Why late anchors work
In two other experiments, the researchers used a different negotiation simulation with less obvious possibilities for value creation. Here again, pairs in which one of the parties made a late first offer were better at uncovering joint gains than were pairs in which one party made an early first offer. This was because pairs who exchanged offers later in the process shared more information than did pairs who started trading offers earlier.
To understand why, consider that we tend to enter negotiations—especially those with new counterparts—with a guarded, competitive mind-set. We stake out our positions and, because of a lack of trust, are reluctant to share information. As the negotiation unfolds, we become more trusting of our counterparts and more willing to share information about our interests and priorities. This allows us to engage in problem solving—using the information we glean to generate new possibilities.
Arming against anchors
The findings of this study suggest new advice for negotiators: to get more out of deals that involve multiple issues, avoid making the first offer until you feel comfortable with your counterpart and have had ample time to share information about your interests.
How can you convince the other party to hold off on dropping an early anchor?

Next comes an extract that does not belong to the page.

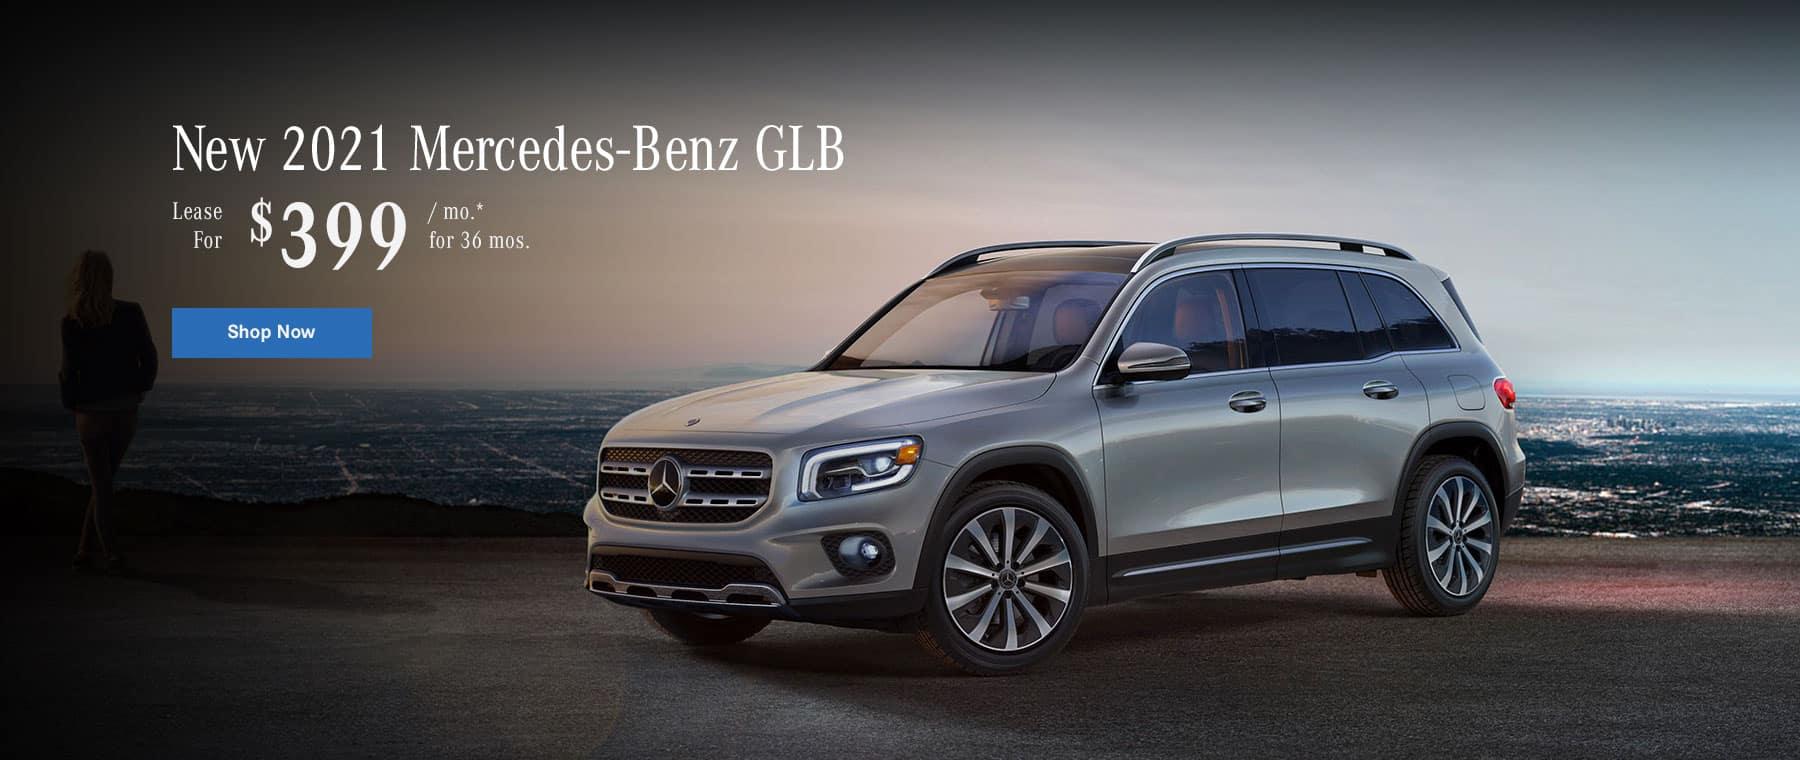 New 2021 Mercedes-Benz GLB

At the start of your talks, explain that you believe you will both end up with a better deal if you take time to explore each others’ interests and delay exchanging offers until later in the process. This doesn’t guarantee that you’ll be the first to make an offer, but it should at least improve the overall quality of your deal.
If the other side does make the first offer, how can you avoid being overly swayed by it? Base your counteroffer on the same information you would use to construct a first offer, namely your ideal outcome and your knowledge of the other party’s alternatives and likely reservation price. Ideally, you will have cultivated a strong BATNA, or best alternative to a negotiated agreement, that will give you the confidence you need to reject extreme anchors and, if no agreement seems possible, move on to your next-best option.
A caveat: The benefits of delaying first offers may not apply to single-issue negotiations in which parties have strong incentives to compete. In such situations, negotiators may have no motivation to share information, thus negating the value of late first offers.
3 takeaways about first offers
- First offers serve as potent anchors in all types of negotiations.
- Delaying the first offer until late in the process will generally benefit all parties involved in a multi-issue negotiation.
- To avoid being influenced by the other side’s anchor, stay focused on your goals and alternatives, and on their interests.